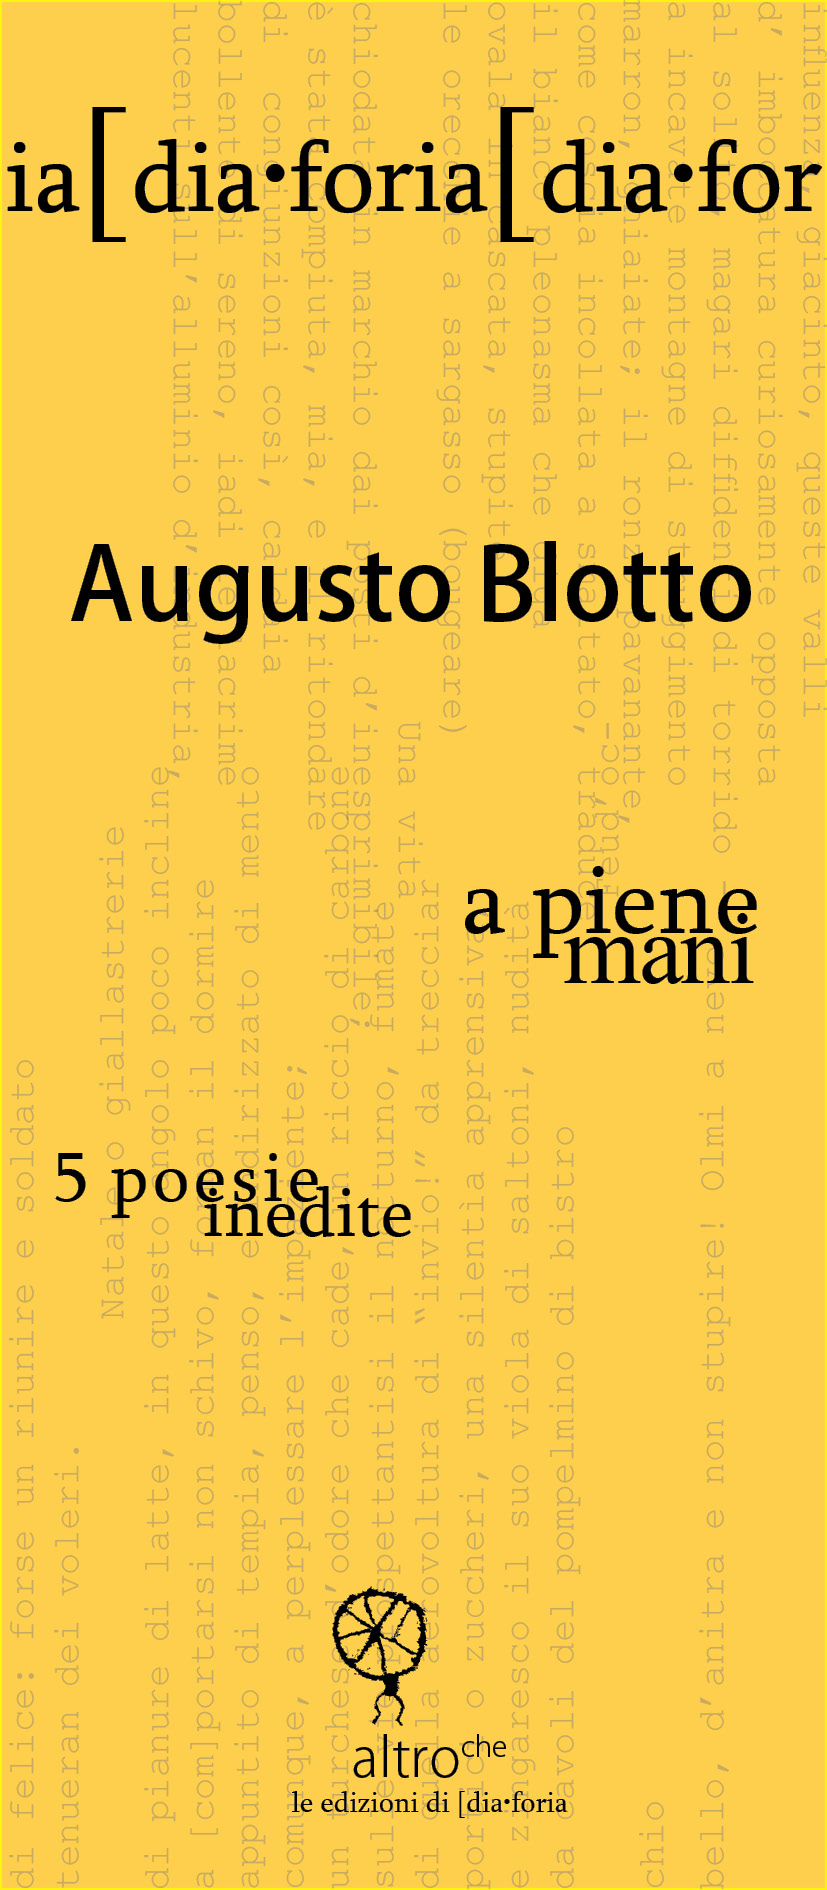 [dia•foria #7 – Augusto Blotto
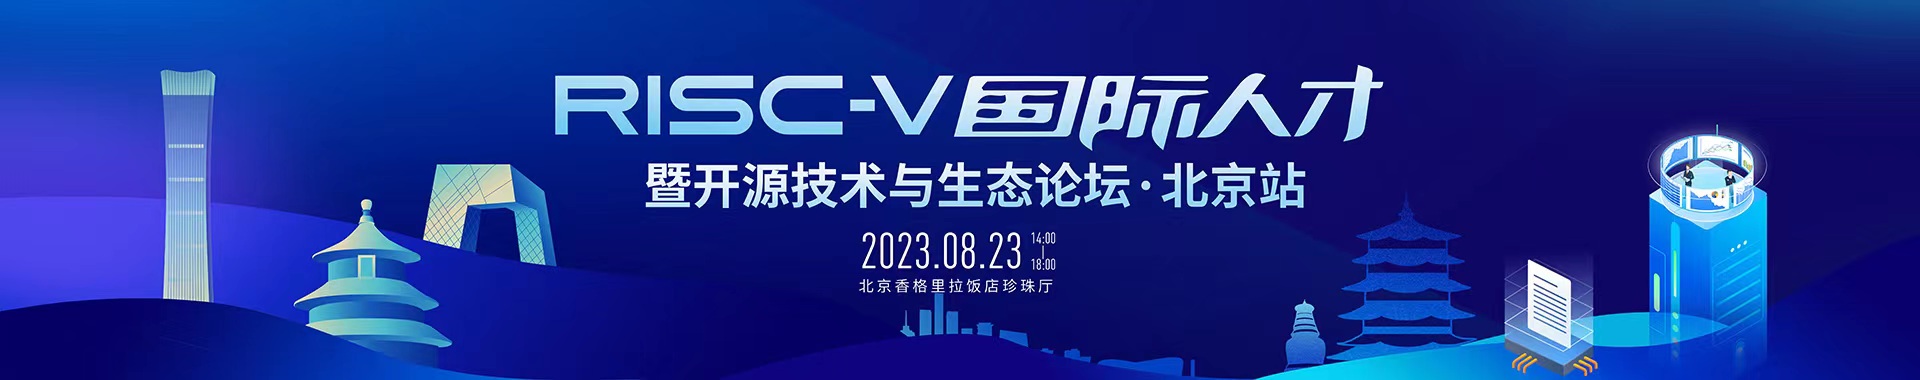 峰会日程发布、报名通道启动、展商预约交流服务开启...2023 RISC-V 中国峰会开幕在即！
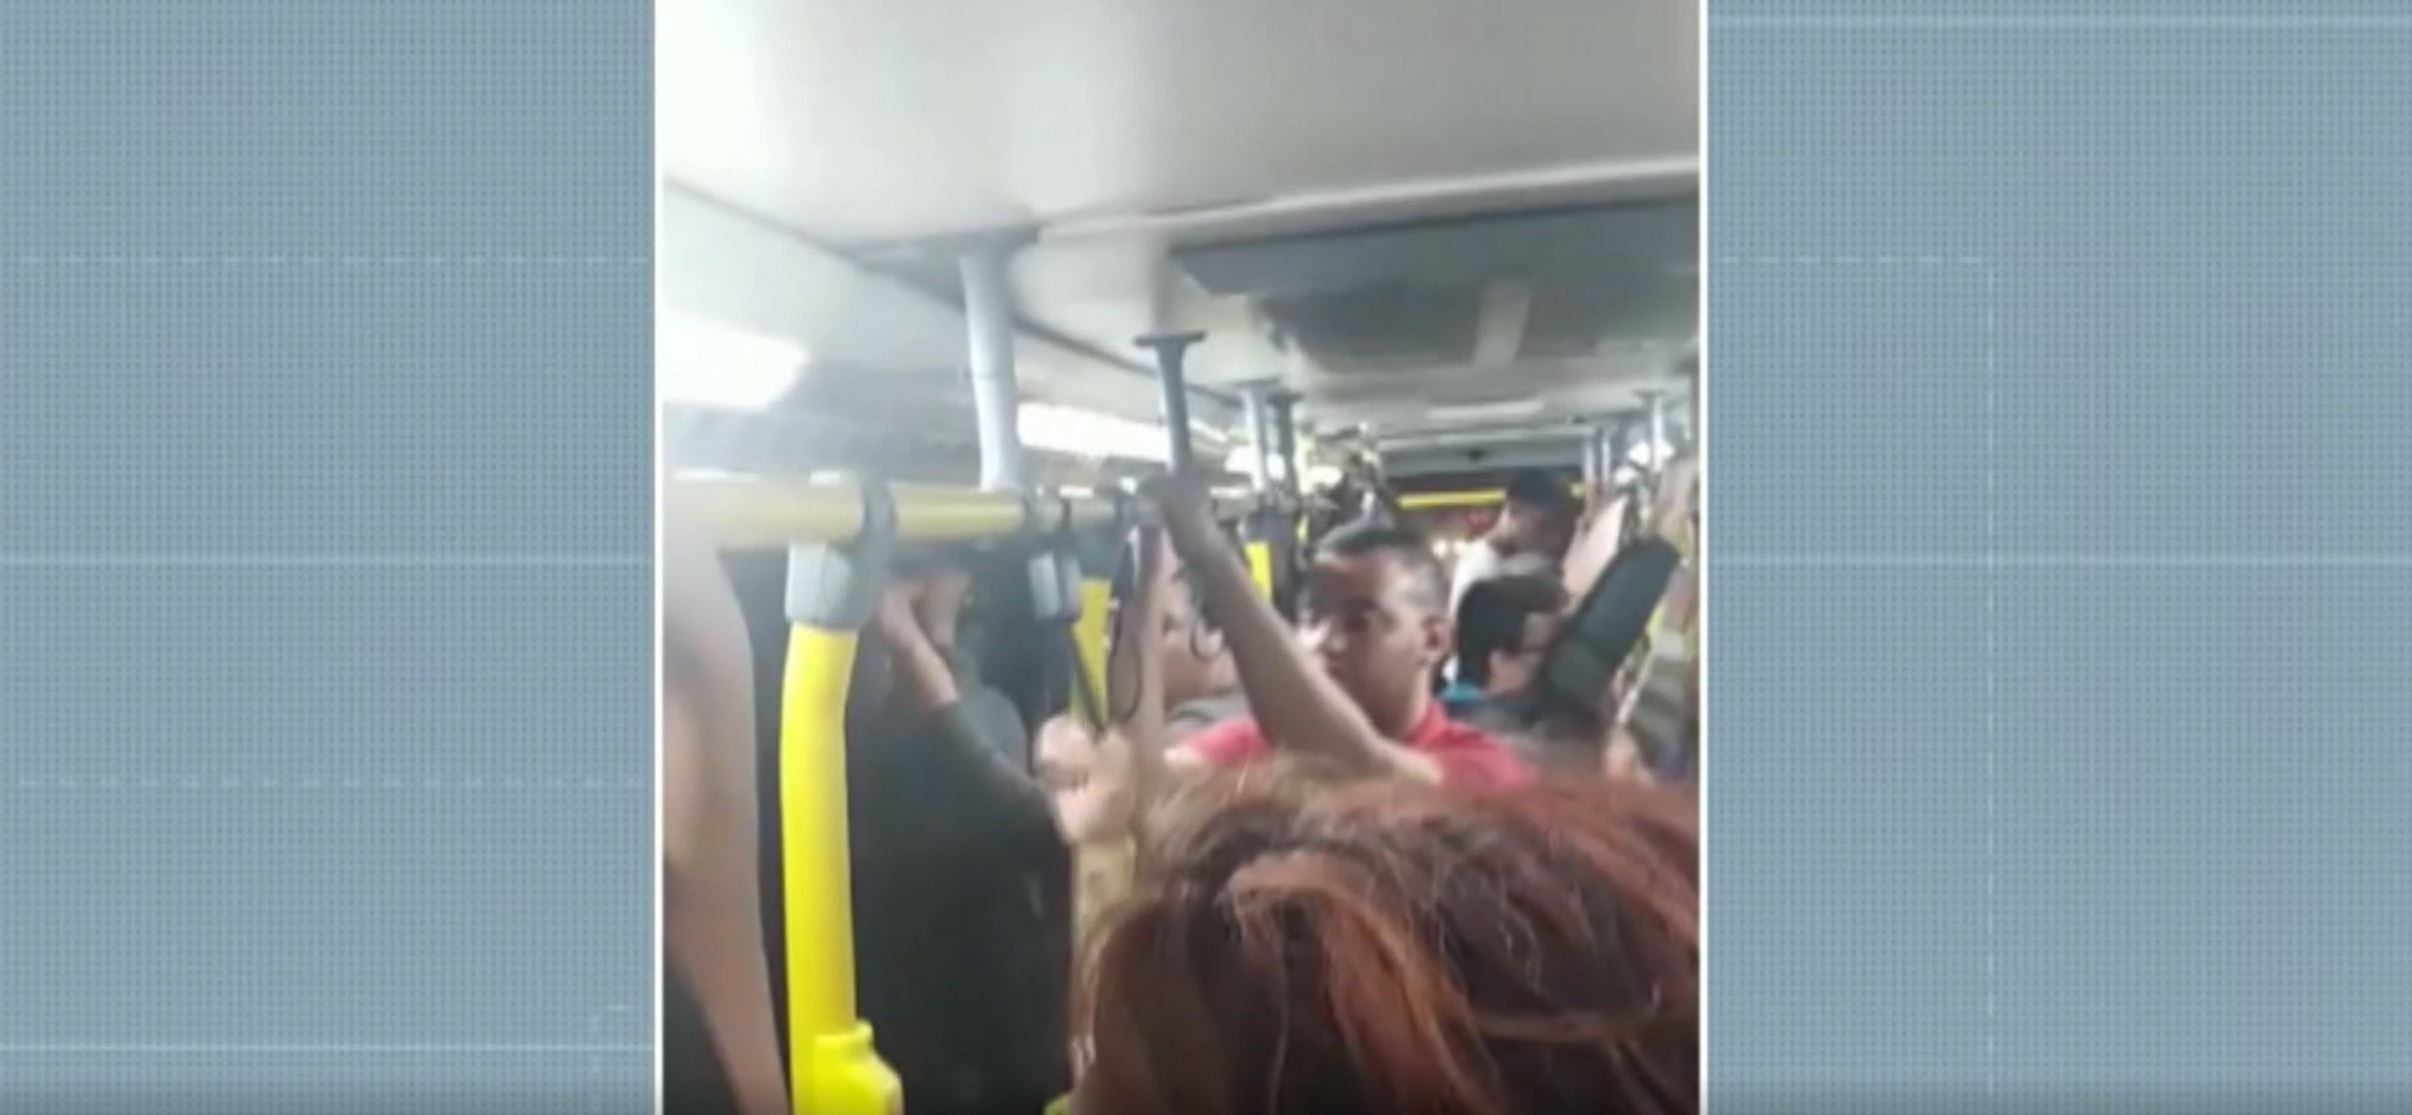 Passageiros reclamam de superlotação e demora em ônibus metropolitanos da região de Campinas
☆ ☆ ☆ ☆ ☆ ☆ ☆
Drop the images and copy all the data exactly.

:: Completed exercise ::
 [dia•foria #7 – Augusto Blotto
 峰会日程发布、报名通道启动、展商预约交流服务开启...2023 RISC-V 中国峰会开幕在即！
 Passageiros reclamam de superlotação e demora em ônibus metropolitanos da região de Campinas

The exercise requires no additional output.